▶ [Work task] What you return should be the lines from the one with "The Walking Dead Wallpaper HD Imagebank Biz" through the one with "Bright Purple Yam - Tetradic Color Palette" in the data below, reproduced exactly with both ends, and no pictures at all.

▶ [Provided data]
-*-*-

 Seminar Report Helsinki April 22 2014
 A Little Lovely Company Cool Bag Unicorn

-*-*-

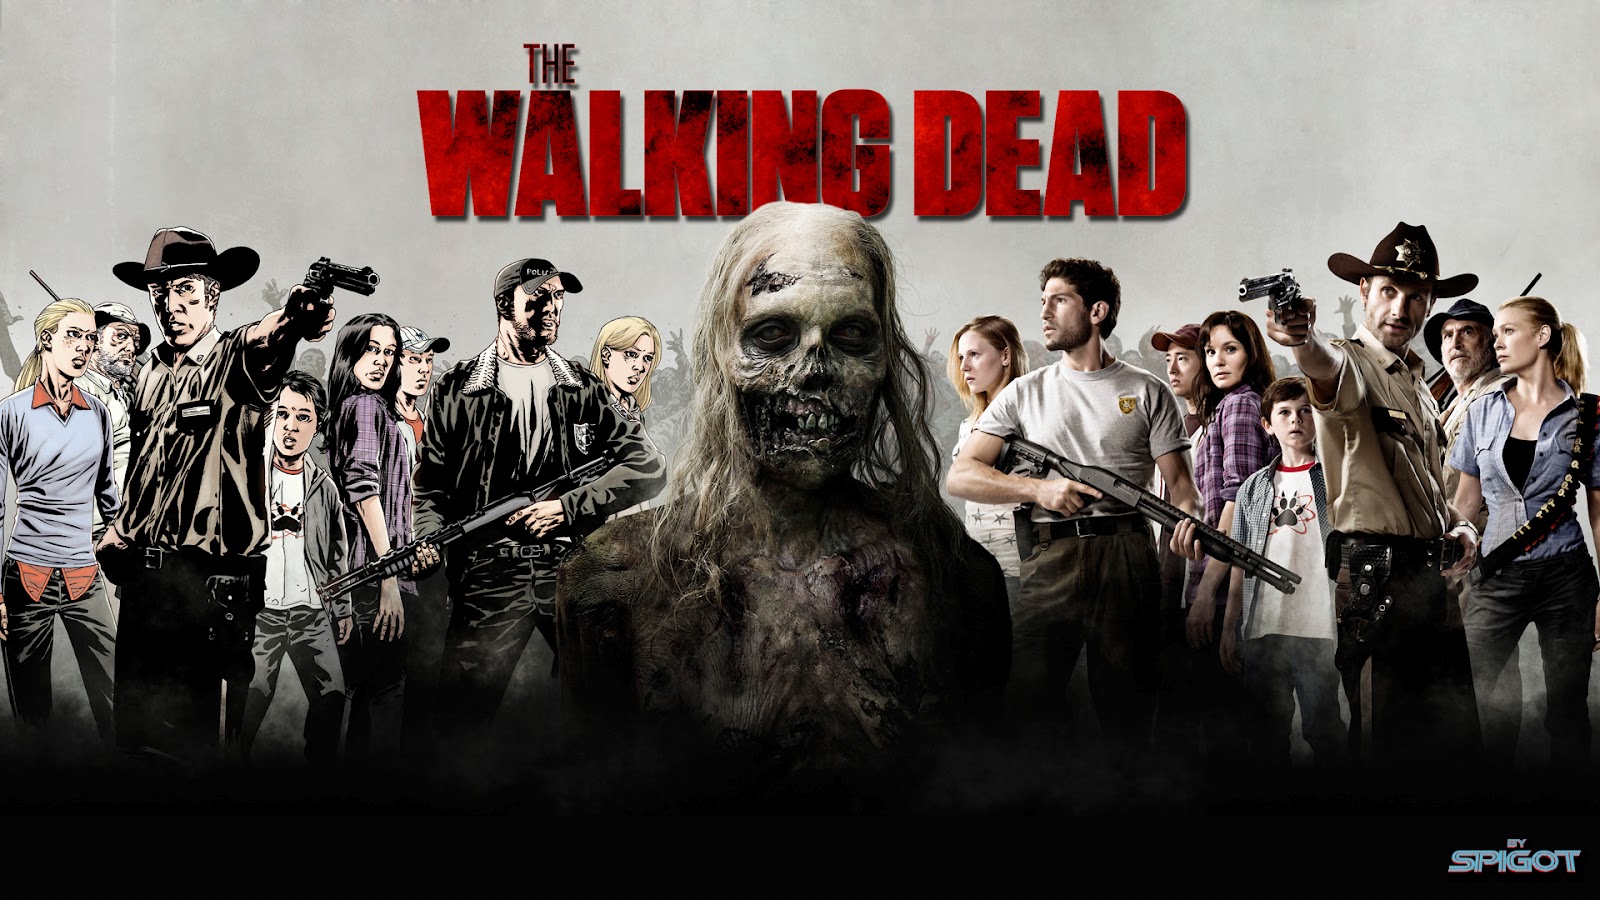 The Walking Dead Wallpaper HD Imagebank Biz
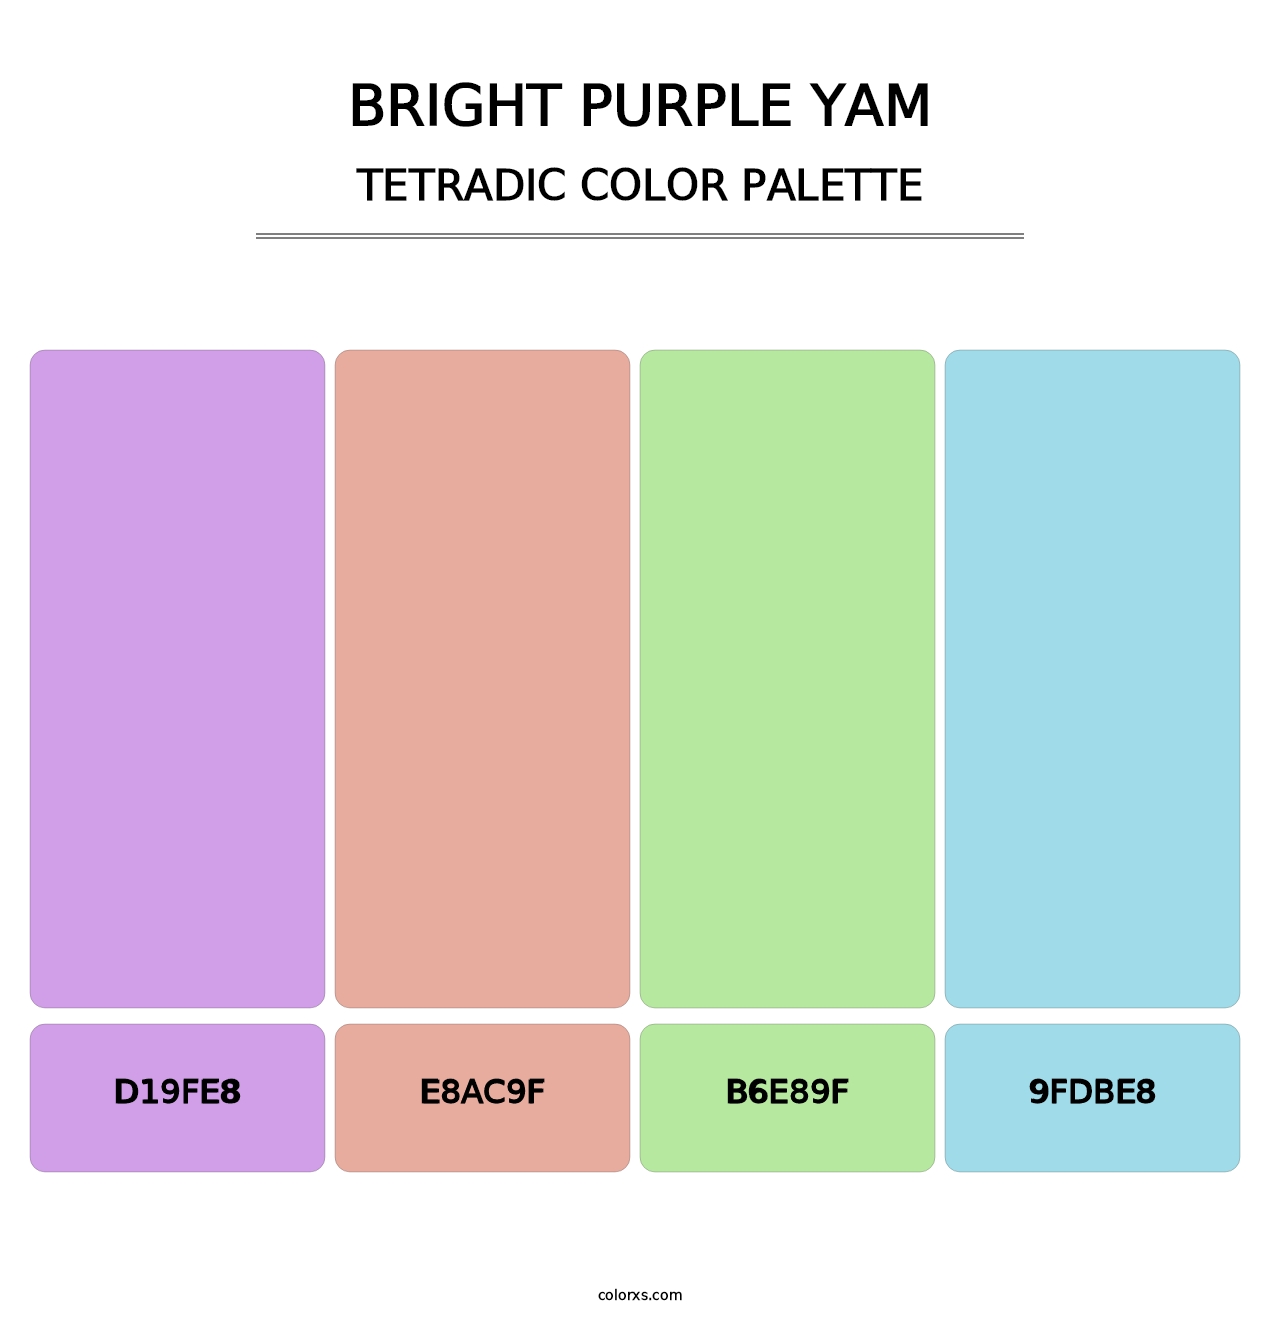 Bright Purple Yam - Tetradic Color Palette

-*-*-

▶ [Solution to the problem]
 The Walking Dead Wallpaper HD Imagebank Biz
 Bright Purple Yam - Tetradic Color Palette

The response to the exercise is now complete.